FIGURE 1. Boxplots of PM_2.5 concentrations measured by EPA monitors and PurpleAir monitors in eight metropolitan areas. Each box extends from the first quartile (Q1) to the third quartile (Q3) of the data, with a line at the median. The whiskers extend from the box by 1.5x the interquartile range (IQR). Outlier points are those past the end of the whiskers.

2.3 Land use regression modeling

Traditional LUR models are statistical methods developed to estimate PM_2.5 concentrations based on geographical features. The models can create an empirical relationship between PM_2.5 concentrations and land use variables such as traffic volume, distance to major roads, population density, and presence of emission sources. A typical LUR model can be formulated as:

C = β_{0} + β_{1} X_{1} + β_{2} X_{2} + \dots + β_{n} X_{n} + ε (1)

where $C$ is the PM_2.5 concentration, $β_{0}$ is the intercept term, $X_{1}$ , $X_{2}$ , …, $X_{n}$ are the predictor variables, i.e., different land use, traffic, and geographical features, $β_{1}$ , $β_{2}$ , …, $β_{n}$ are the coefficients for these variables that indicate the strength and direction of the relationships between each predictor variable and PM_2.5 concentration, and $ε$ is the error term that captures the variation in PM_2.5 concentration not explained by the model. The β coefficients are estimated using regression techniques, most commonly multiple linear regression. The goal is to find the set of β values that minimizes the sum of the squared differences between the observed and predicted PM_2.5 concentrations.

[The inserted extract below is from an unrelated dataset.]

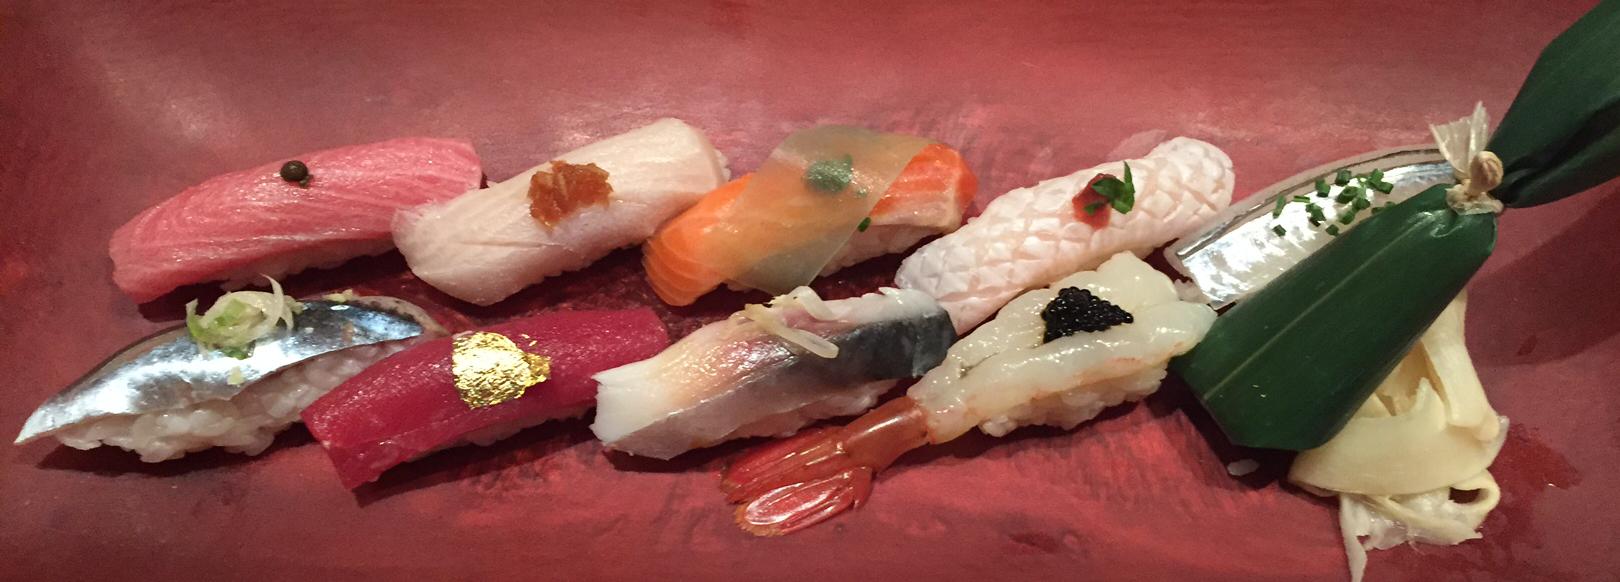 1008-11-sushi

In this study, we used automated machine learning (detailed in Section 2.3.3) to construct more sophisticated versions of LUR models. Traditional LUR models, illustrated in Eq. 1, use multiple linear regression, which assumes a linear relationship between predictor variables and the target outcome. However, real-world relationships between land-use variables and PM_2.5 concentrations may be nonlinear or involve complex interactions, which can be better captured with machine learning techniques.

We analyzed 4 years of available PM_2.5 concentration data for LUR modeling. Hourly measurements of PM_2.5 concentration were used to compute monthly averages for each hour (e.g., January 2021 will have 24 h averages; monthly-hourly thereafter). These monthly-hourly averages were used to train and test the LUR models. To test the usefulness of low-cost sensor networks for developing AutoML-LUR models, we developed three types of models 1) using the EPA measurements, 2) using the PurpleAir measurements, and 3) incorporating PM_2.5 measurements from EPA monitors and PurpleAir sensors for the eight CBSAs. For each monitoring location, we prepare the geographic covariates following the guidelines from the Multi-Ethnic Study of Atherosclerosis and Air Pollution (Keller et al., 2015; Kirwa et al., 2021).

2.3.1 Geographic covariates

The initial set of geographic covariates for LUR modeling contains proximity and buffer variables regarding land-use categories, emission sources, and vegetation indices (Keller et al., 2015; Kirwa et al., 2021). Proximity variables include distances to major land use categories, roads and truck routes, airports, coastlines and railroads, ports, and point emission sources. Buffer variables include summarized statistics of spatial features within a group of buffer ratios (0.5–30 km). These features include the sum of road or truck route length, total emission, percentiles of NDVI, average imperviousness value, and average elevation, respectively, calculated in buffers. Beyond the time-invariant variables suggested in MESA Air, we also added time-varying variables that account for the complex dynamics of air pollutant concentrations, such as meteorological conditions and satellite-retrieved aerosol optical depth (AOD). The complete list of variables is illustrated in Table 2.

TABLE 2

TABLE 2. Geographical covariates.

To ensure the geographic covariates included in the models provide sufficiently useful information, we apply the following criteria to filter out variables when 1) >80% of monitors had the same value, 2) >2% of observations were more than five standard deviations (SDs) away from the mean, 3) the SD of the distribution of values at cohort participant residences was more than five times the SD of the distribution of values at monitor locations, and 4) the maximum value of a percentage variable was 10% among all monitors. In addition, we removed correlated and redundant variables to avoid model overfitting by optimizing the selection of specific predictor variables with varying buffer sizes (e.g., land use type and NDVI). Specifically, using the complete set of candidate predictors, we ran an initial Random Forest model and computed variable importance scores (VIS). We then chose the buffer size for each spatial predictor as the most optimal predictor based on VIS ranking.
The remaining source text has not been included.